When I was a kid in 1947, the word "hype" was not used. Maybe "ballyhoo" was
was more likely or familiar, but both words would certainly apply to Clint "The
Hondo Hurricane" Hartung. At 6'5", 210, he was a Giant in name and team,
and New York saw him as the next Babe Ruth, pitching and also playing 1st and
the outfield. Prodigious homers were expected from the big Texan, adding to
the Giants MLB-leading totals. From "The Sporting News" to the many Dailies of
that era, he was always and everywhere. After 5 years of anticipation, he was
gone - along with almost all the other power hitters on that club.

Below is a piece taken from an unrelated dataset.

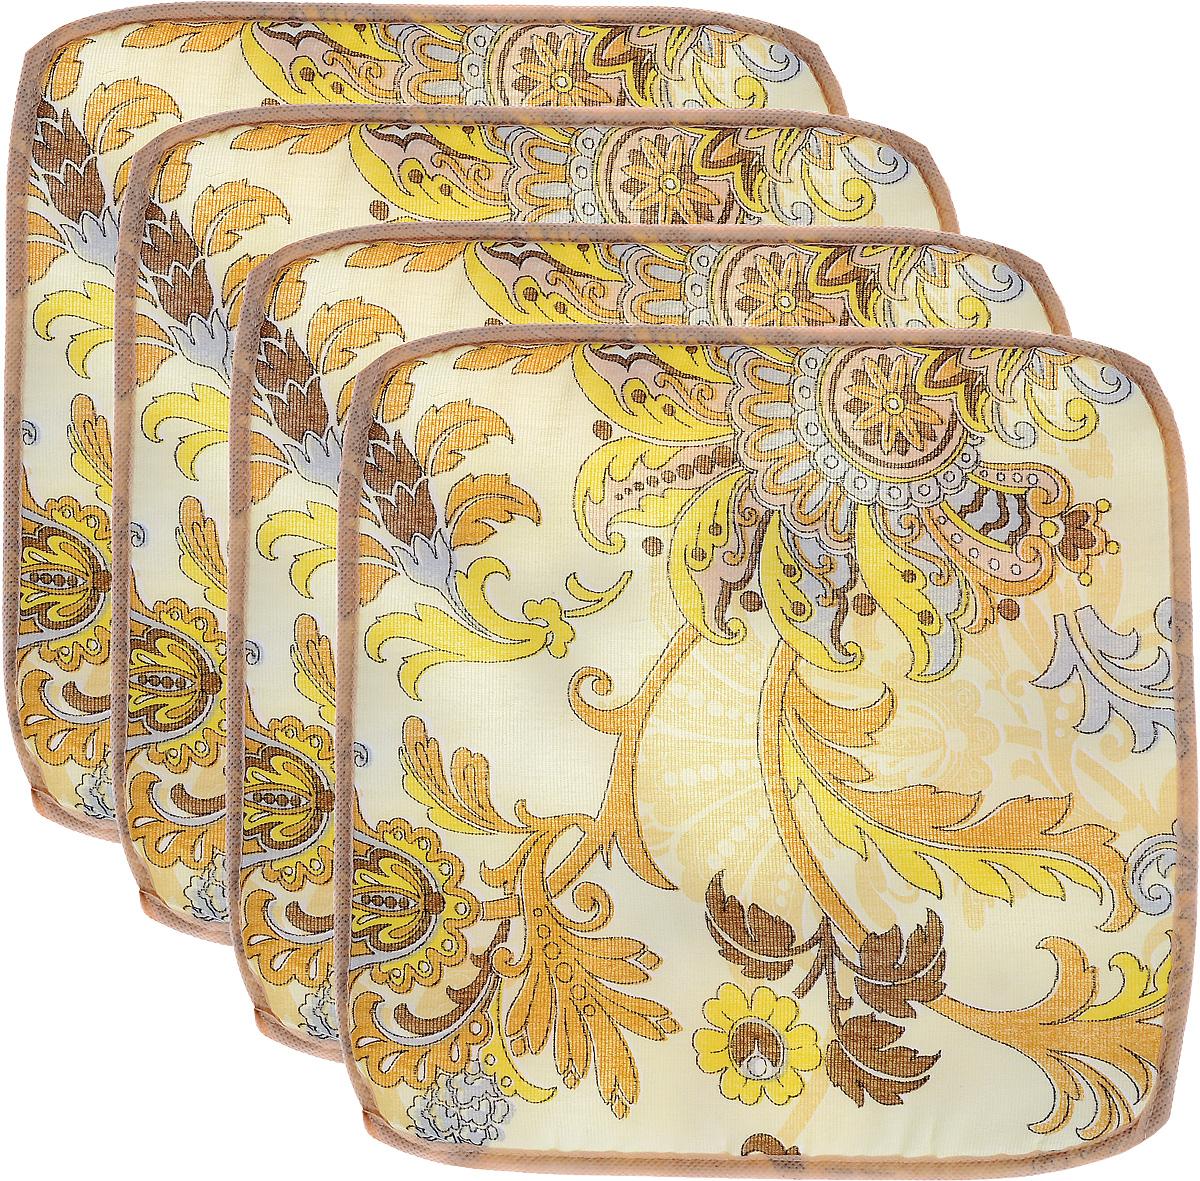 Набор подушек для стула Eva, цвет: желтый, коричневый, 34 х 34 см, 4 штЕ06-1_желтый, коричневыйПодушки на стул Eva, выполненные из хлопка с наполнителем из поролона, легко крепятся на стул с помощью завязок. Изделия прекрасно подойдут для стульев на кухне или в столовой. Правильно сидеть - значит сохранить здоровье на долгие годы. Жесткие сидения подвергают наше здоровье опасности. Подушки с наполнителем из поролона помогут предотвратить многие беды, которыми грозит сидячий образ жизни. Комплектация: 4 шт. Размер подушки: 34 х 34 х 0,5 см.

In that career
he was 29-29, with 14 HR, and a batting average well South of .250. We should
be careful about "phenoms", but because a tiny few rise to dominate, we never
are. pwysard@hawaii.rr.com












huztlers
4/22
It is neat to reflect on the future hall of famers; Griffey, Manny and Mays - particularly their initial struggles. The other guys are just guys - not so neat. I was hoping there would be more of the former. Cool idea though.
eamuscatuli15
4/22
Where to begin? This is great. I remember when i was a kid i had a black wiffle ball bat that i put white tape on the handle to make it look like The Kid's bat and i'd hit left handed in the backyard!

Pop Fisher to Roy Hobbs - "You're the best goddamn hitter i ever saw".

Good stuff, everyone.
tlowell5
4/22
And to those who decry Rowengartner's lack of maturity, that pitcher did have an enormous posterior.
earlweaver
4/22
Good-bye Mr. Spaldling!
DDriesen
4/22
I remember eagerly awaiting the first start of Stephen Strasburg in 2010, having drafted him in 2009 while still at S.D> State (a 3-year keeper league, NOT a dynasty). He struck out 14 and kept striking out more guys until his arm finally blew up. Still, it was a lot of fun while it lasted.
anderson721
4/22
So, what 5 star prospect did the Cubs call up today?
jnossal
4/24
Roy Hobbs wasn't a prospect, wasn't hyped and WAS fictional. Way to mail it in, Mike.

You too, Matt. At least Mike picked a decent movie.